Salmon with Vegetables

1. Salmon Fillet 200g
2. Asparagus
3. Cauliflower
4. Pepper
5. Salt
Healthier Choice: Sea Salt or Pink Salt
6. Sesame Seeds
7. Diced Garlic & Butter Sauce (Optional, for extra taste)
8. Sesame Seeds

You can use other vegetables such as Kale, Spinach, Brocolli, Carrots, Brussel Sprouts, Green Peas, etc.

Cut Salmon fillet into 2 pieces
Add pepper and salt and rub it into the Salmon fillet.
Cut up Cauliflower, removing its leaves.
Cut away stems of Asparagus.
Put Olive Oil in a pan with medium heat and lay the Salmon.
Allow to cook for 2 minutes before flipping to the other side.
Boil Asparagus and Cauliflower.
Lay Salmon and boiled vegetables on a plate.
Sprinkle Sesame Seeds on the top & serve!

Optional: For extra flavour, mix unsalted butter mixed with diced garlic and pour it over the plate.

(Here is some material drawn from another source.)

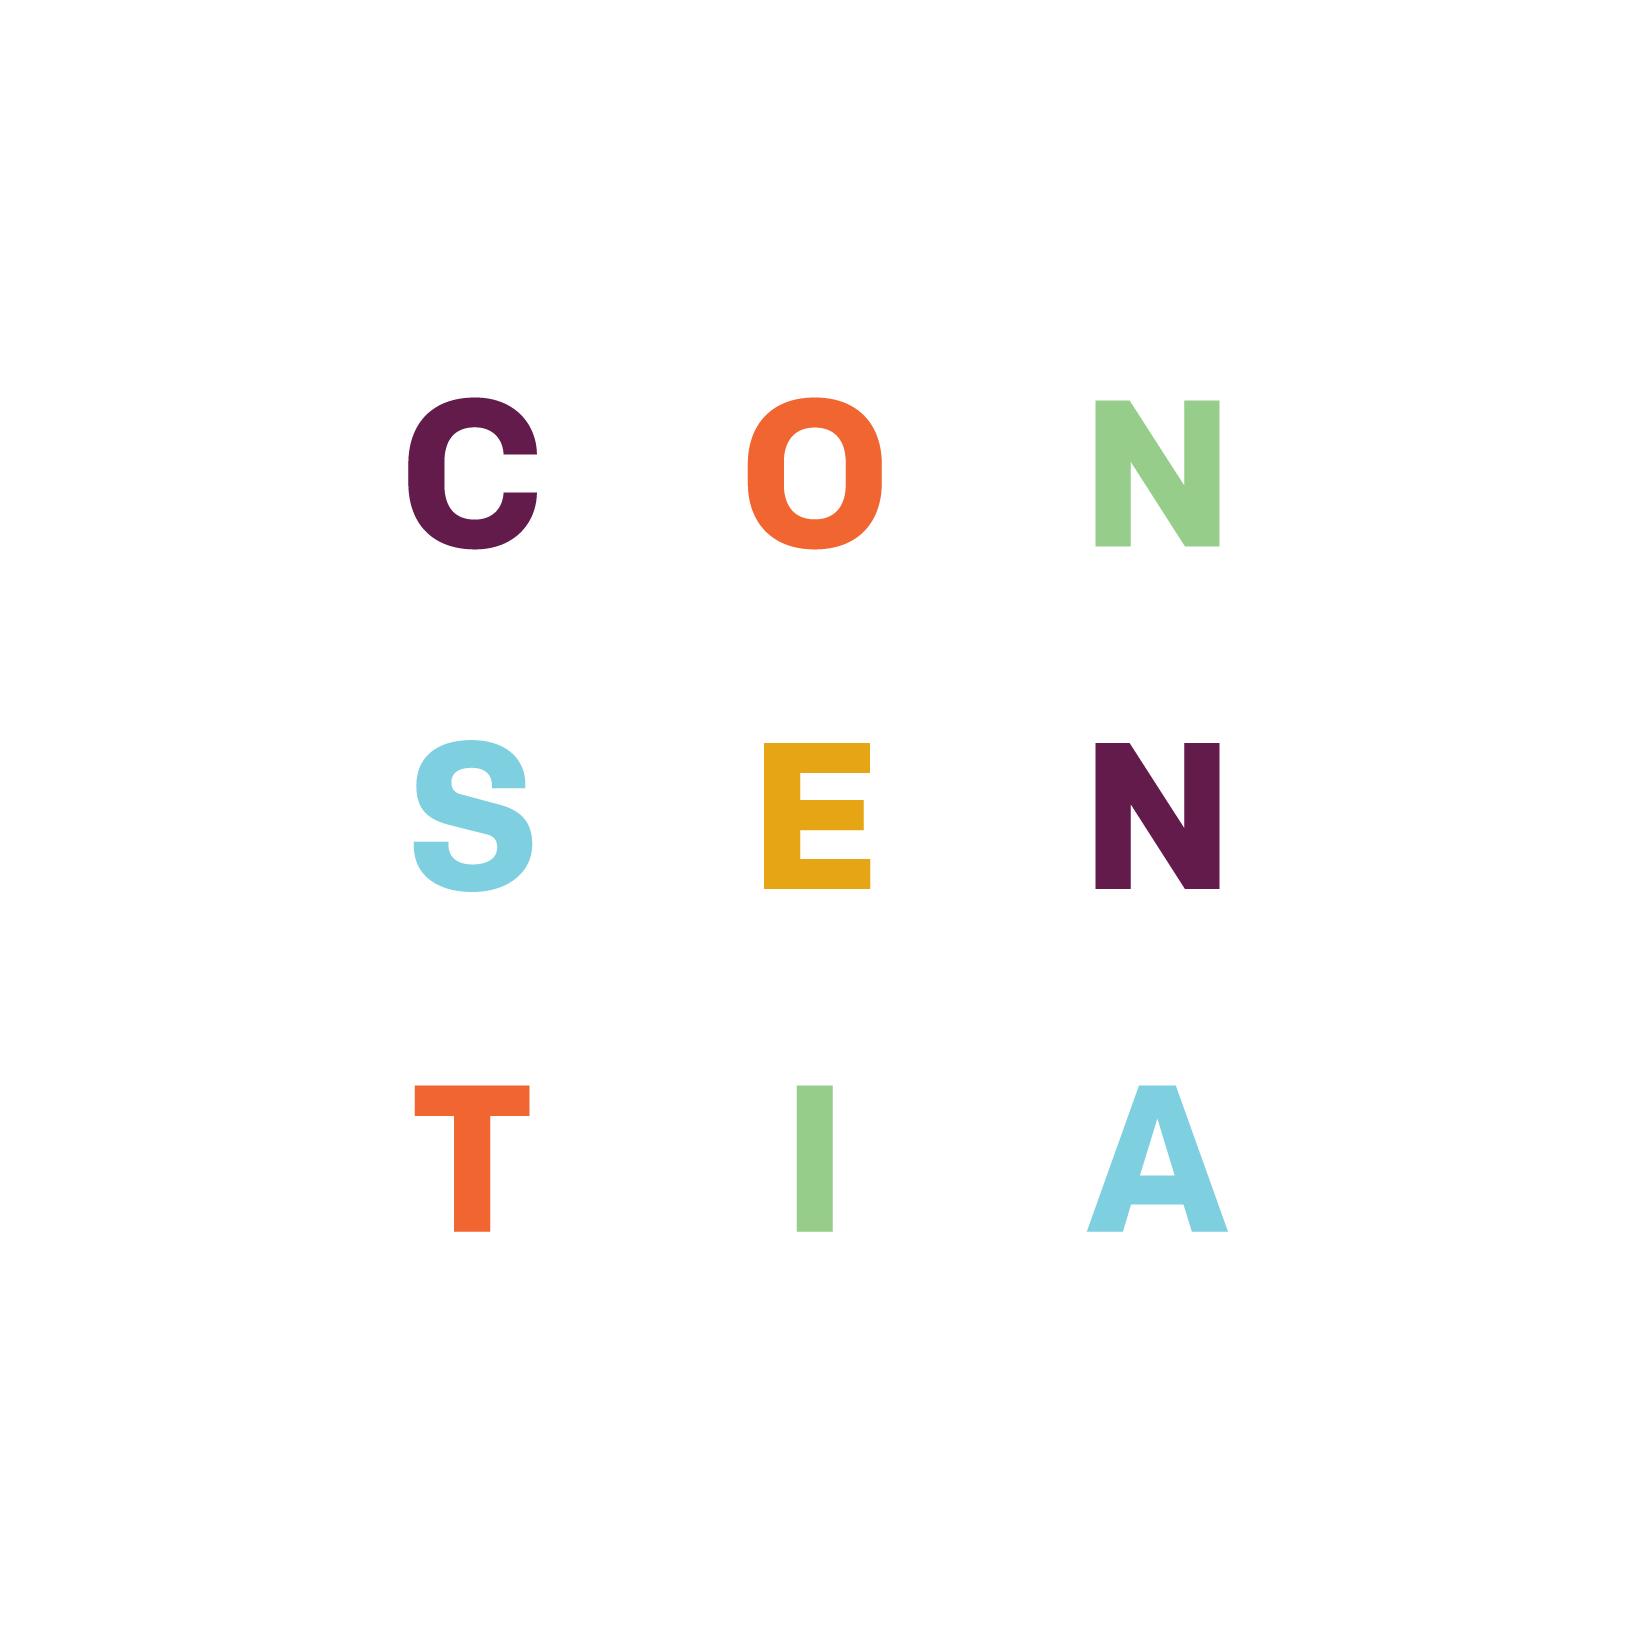 Consentia

Avocado Toast with Poached Egg

1. Loaf of Wholemeal Bread
2. Avocado (Half)
3. 2 Eggs
4. Pepper
5. Salt
Healthier Choice: Sea Salt or Pink Salt
6. Cherry Tomatoes
7. Olive Oil
8. White Vinegar
9. Unsalted Butter (Optional)

Note: Adding Vinegar makes the whites of the egg firm while in heat disallowing it to disperse. (Read more here)

Cut 2 slices of Bread and toast them on a pan, 1 minute each side or till crisp.
Mash Avocado into a small bowl with Salt, Pepper & Olive Oil.
Boil water and add Vinegar and Stir the pot in a circular motion.
Crack eggs into the pot and watch it coagulate!
Scoop it out and place on a strainer to allow excess water to drain.
Spread Unsalted Butter on the Bread & Avocado Spread on top.
Place Cherry Tomatoes first & then the Poached Egg on top.
Sprinkle a little Pepper on top & its ready to be served!

Note: The above are for single servings. If you have a busy schedule, you can double or triple up the serving size. Set a day aside to prepare your meals and keep them refrigerated (no more than 2 days for freshness).

Also, these meal preps are guideline recipes by which you can tweak a little to spice up the flavour to your liking. We have chosen these recipes as are they’re simple, fuss-free and quick to prepare.

Be creative and share with us your thoughts and ideas if you feel like you’ve found an amazing recipe that we cannot miss!

A nutritional home-cooked meal is the way to go! So prepare yourself for a day of grocery shopping to stock up your home amidst this global crisis. Remember to always stay clean and safe!